‘Wage war against corruption’

19 Nov, 2018 - 00:11 0 Views
‘Wage war against corruption’ President Emmerson Mnangagwa

The Chronicle

Darlington Musarurwa recently in ADDIS ABABA, Ethiopia
President Emmerson Mnangagwa yesterday said it is necessary for all African countries to fight corruption within their respective jurisdictions as the recent launch of a continental free trade area has created a single African economy with a market of 1,2 billion people.

The Head of State and Government said this soon after arriving back home from the 11th Extraordinary Session of the African Union (AU) Assembly in Addis Ababa, Ethiopia, which deliberated on proposed reforms to transform the organisation into a highly efficient institution capable of delivering stability and economic prosperity on the continent.

He was met at Robert Gabriel Mugabe International Airport by the two Vice Presidents Dr Constantino Chiwenga and Kembo Mohadi, Defence and War Veterans Affairs Minister Oppah Muchinguri-Kashiri, Minister of State for National Security Owen Ncube, service chiefs and senior Government officials.

Issues of corruption, the President said, had also been discussed at the two-day continental indaba, which ended yesterday.

“It is necessary that we all agree on fighting corruption,” said President Mnangagwa. “Africa is one entity. We must work towards creating Africa as one economy because we passed the African Continental (Free) Trade Area, which means the entire 1,2 billion market is now one.

“We must all fight corruption in our respective jurisdictions.”

The African Continental Free Trade Area was successfully launched on March 18 this year.

President Mnangagwa said there was an urgent need to change the structures of the AU to reflect the contemporary transition from focusing on political issues to concentrating on economic development.

And this prompted the Assembly – the supreme organ of the bloc – to trim the number of commissions from 10 to eight, including the chairperson and the deputy chairperson of the commission.

“The structures in the past were structured to deal with the political issues of the time, but now it’s a question of the economy as well as market issues, so the following issues have been resolved: We have reduced the size of the commissions from 10 to eight,” said President Mnangagwa.

“We have also introduced the system of rotation. In the past, there was no systematic rotation of chairpersons of the AU, but now it must rotate among the five regions (West, Central, East, North and South).
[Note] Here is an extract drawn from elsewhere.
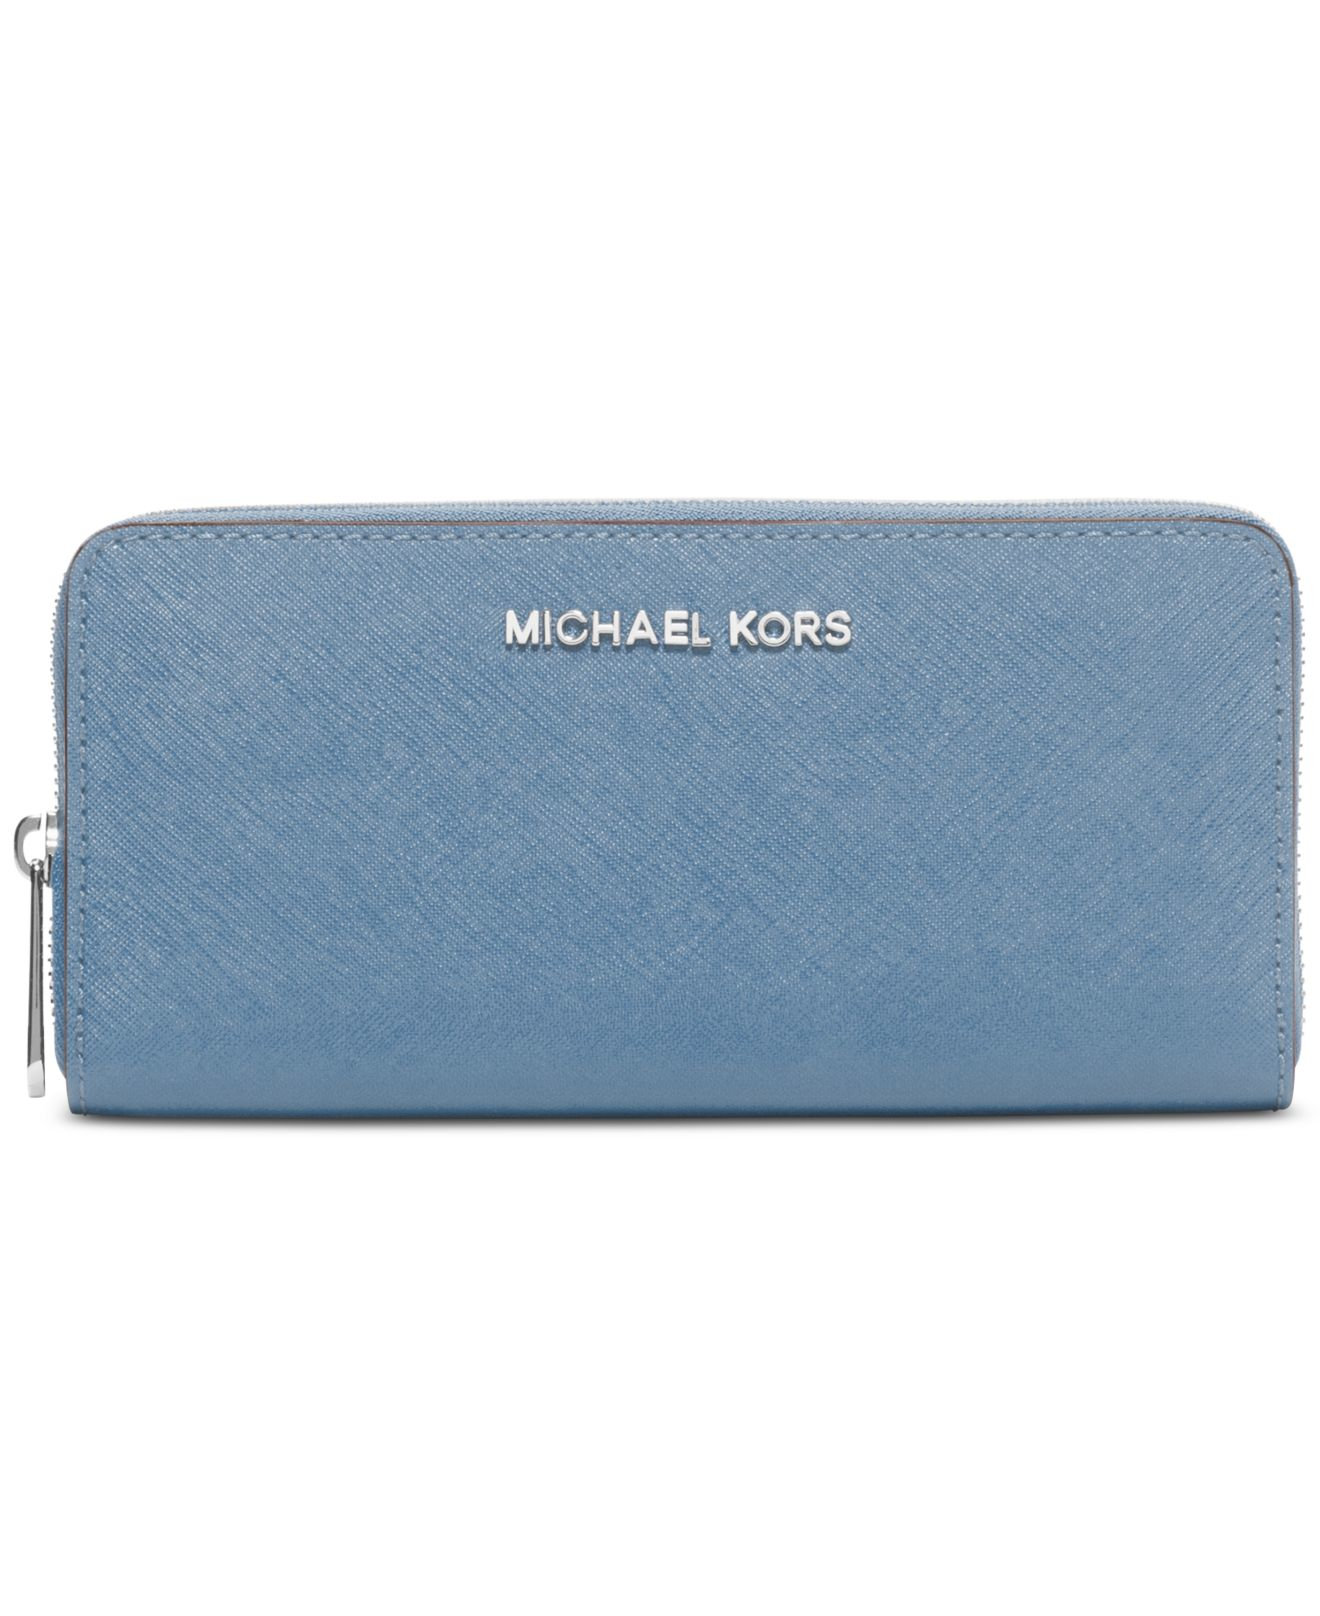 0d478164080c michael kors blue wallets blakeley rain boot - Marwood VeneerMarwood ...

And also in terms of the many commissioners, we must see that they also rotate among the regions, but of course on the basis of merit.”
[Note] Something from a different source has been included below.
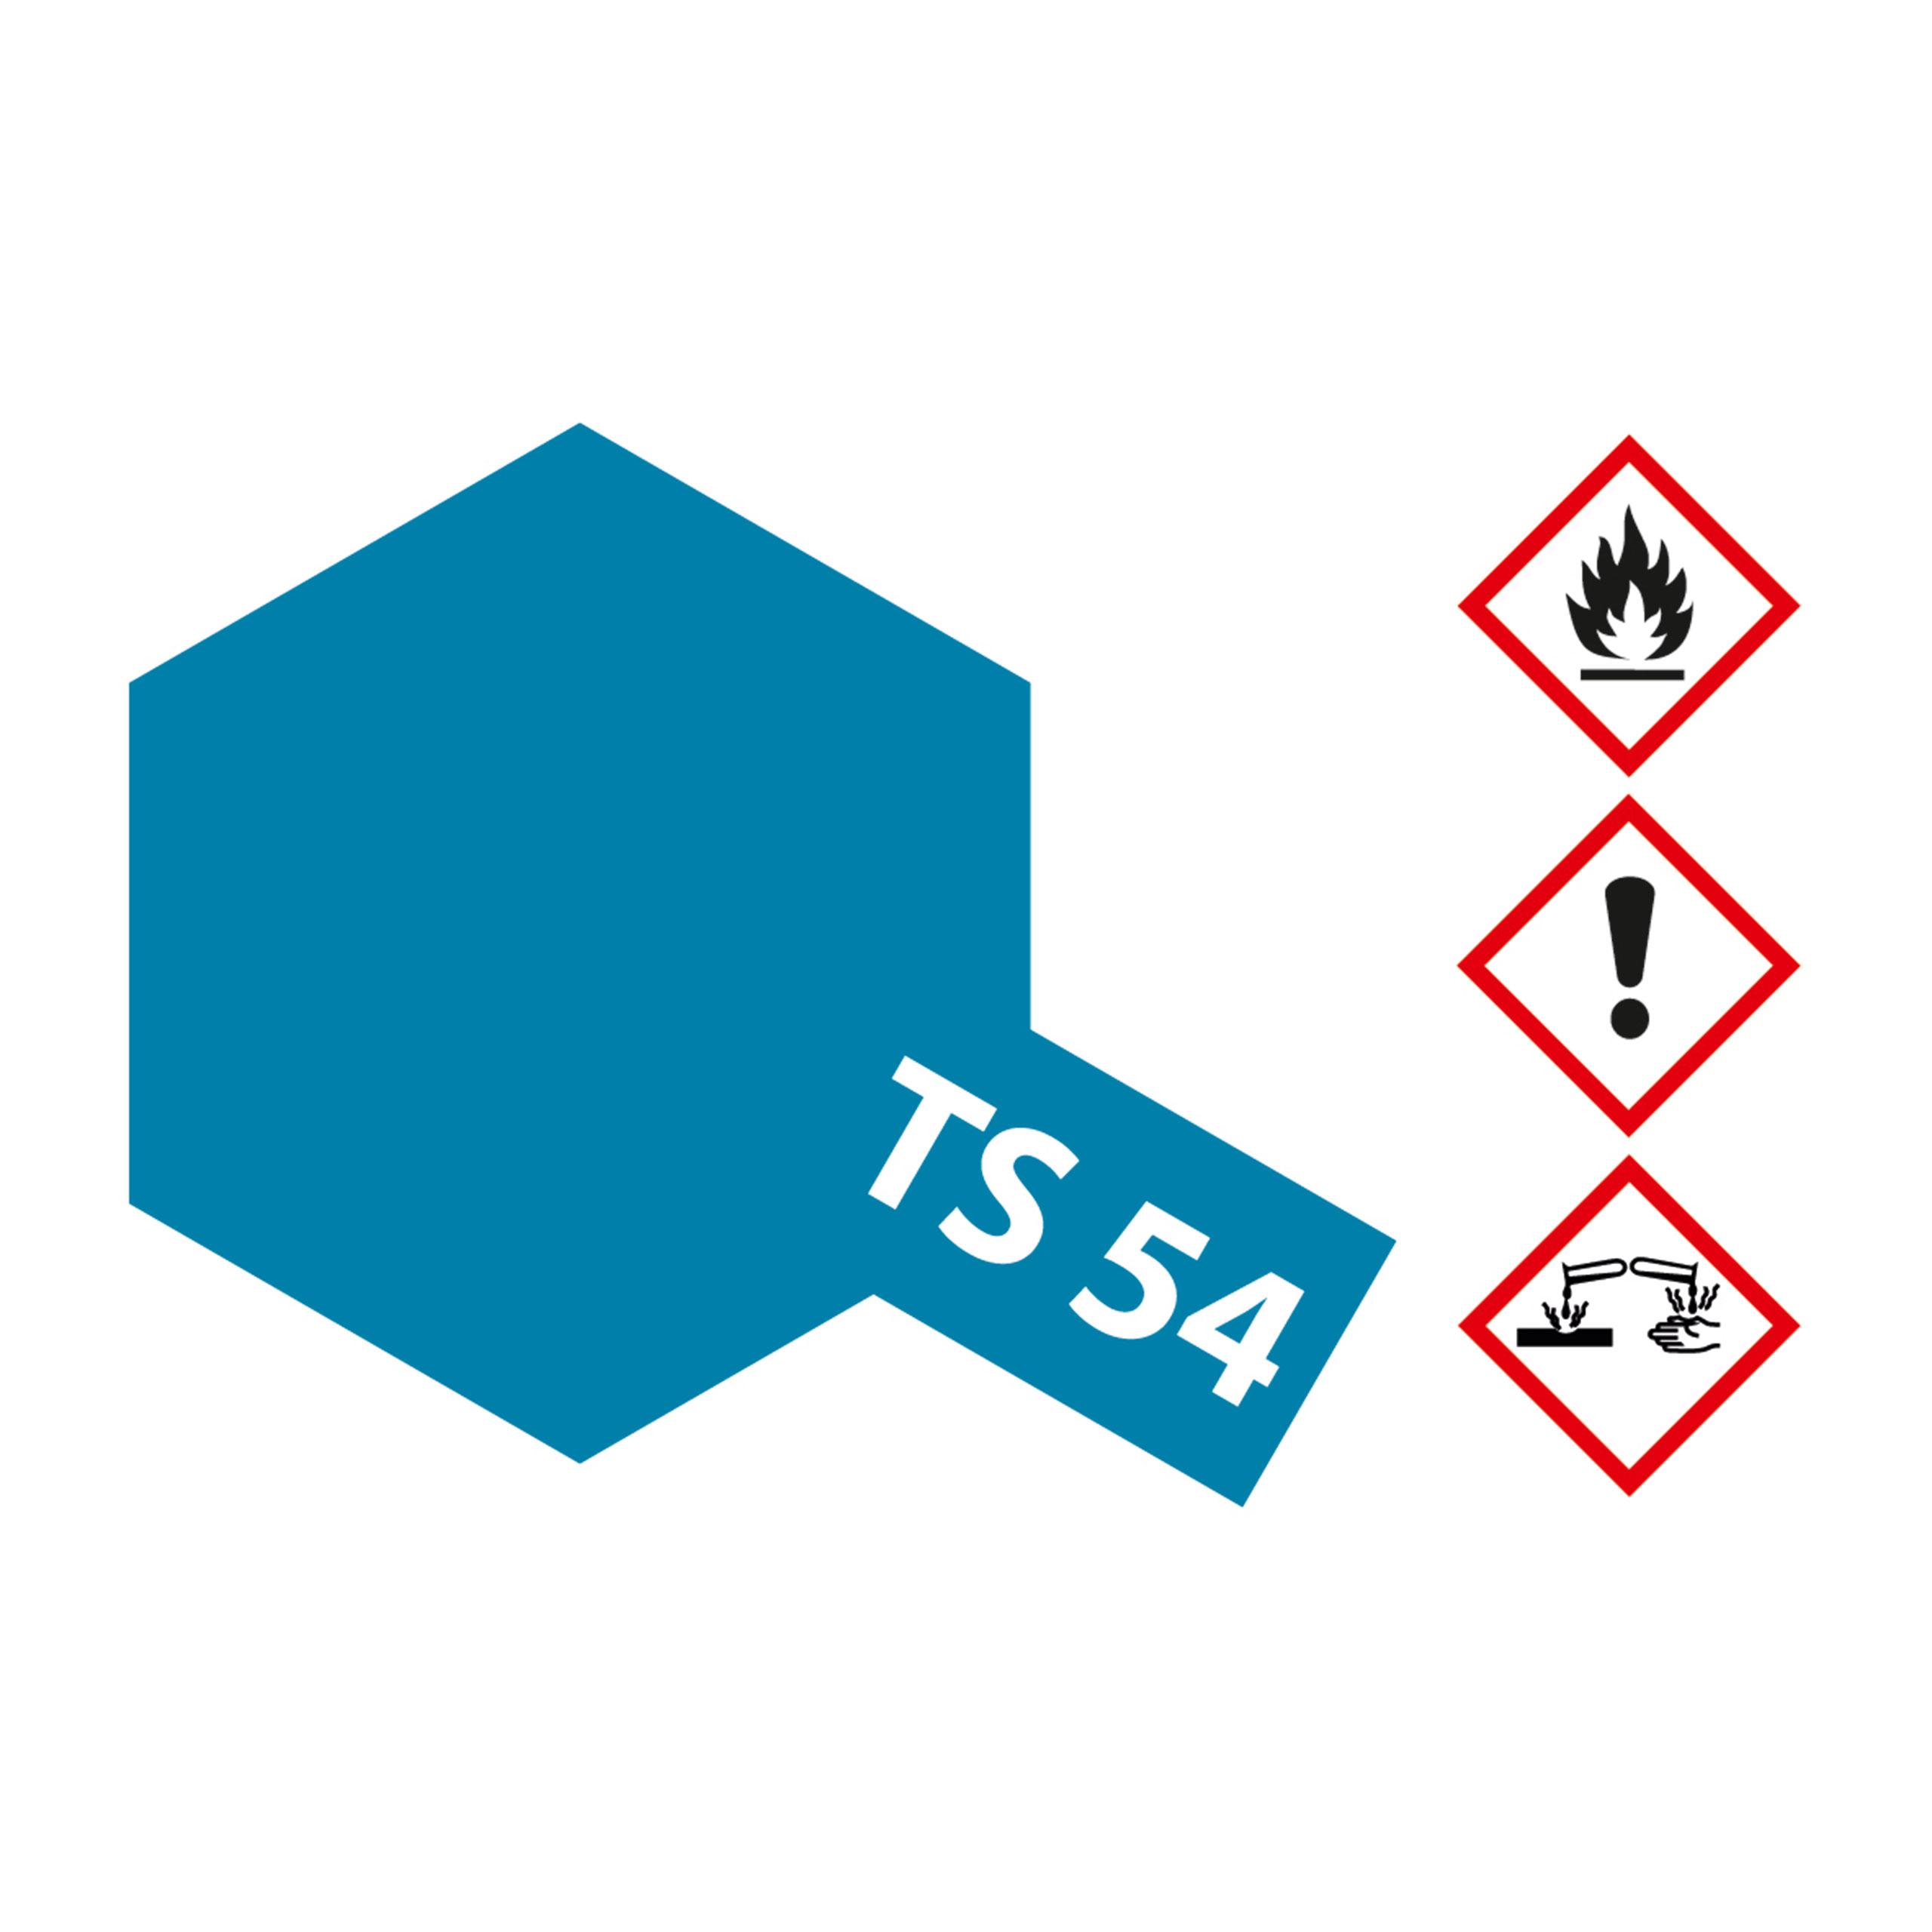 TS-54 Metallic Blau Hell glaenzend - 100ml Sprayfarbe Kunstharz Tamiya 300085054

SADC believes that there should be “predictable inter- and intra-regional rotation following the English alphabetical order.

The proposed new structure will have a chairperson, deputy and six commissioners who will superintend over the restructured portfolios of Sustainable Environment, Agriculture Rural Development and Blue Economy; Economic Development, Trade and Industry; Education, Science, Technology and Innovation; Infrastructure and Energy; Political Affairs, Peace and Security; and Health, Social Development and Humanitarian Affairs.

On Saturday, President Mnangagwa told the Assembly that streamlining portfolios of the AU Commission – the Union’s secretariat — through focused units will help “remove overlaps and duplication in portfolios”.

The current amorphous structure is viewed as complex as it has eight commission directorates, 31 departments and offices, along with 11 AU organs, 31 specialised technical agencies and 20 high-level committees.

President Mnangagwa noted that the weekend meeting failed to agree on the framework of conducting negotiations between the Africa, Caribbean and Pacific (ACP) countries and the European Union (EU) bloc, especially after the expiry of the current cooperation agreement – also known as the Cotonou Agreement — in February 2020.

The present 20-year agreement was signed in June 2000 in Cotonou, Benin. “The only area where we could not really agree and that has been deferred for further consultations was the area of ACP (African Caribbean Pacific) relationship (with the EU),” said President Mnangagwa.

“One view was that we use the AU secretariat to the commission to negotiate on behalf of Africa, but the majority of us member states felt that the conditions are different; each member state must be able to negotiate their conditions with the ACP, which has been the situation in the past.”

President Mnangagwa noted that the Assembly indicated that member states were flexible to fund the AU budget either through the 0,2 percent levy on imports to the African continent, or through the already existing system of assessed contributions.

“With regards to funding the AU itself, we have agreed on two options: Others will fund through the 0,2 percent import tax approach or directly as before,” he said. “There is that flexibility; you can use one of the two.”

In 2015, the AU Assembly decided to finance 100 percent of the operating budget, 75 percent of the programme budget and 25 percent of the peace and support operations budget in order to wean the organisation from dependence on donor support.

African leaders are also in the process of defining the mandate of the African Union Development Agency — former National Economic Partnership for African Development (NEPAD) – which has been integrated into the AU as a development agency.

A deliberate attempt to improve political governance on the continent is also being made through strengthening the African Peer Review Mechanism (APRM), among a host of other reform processes.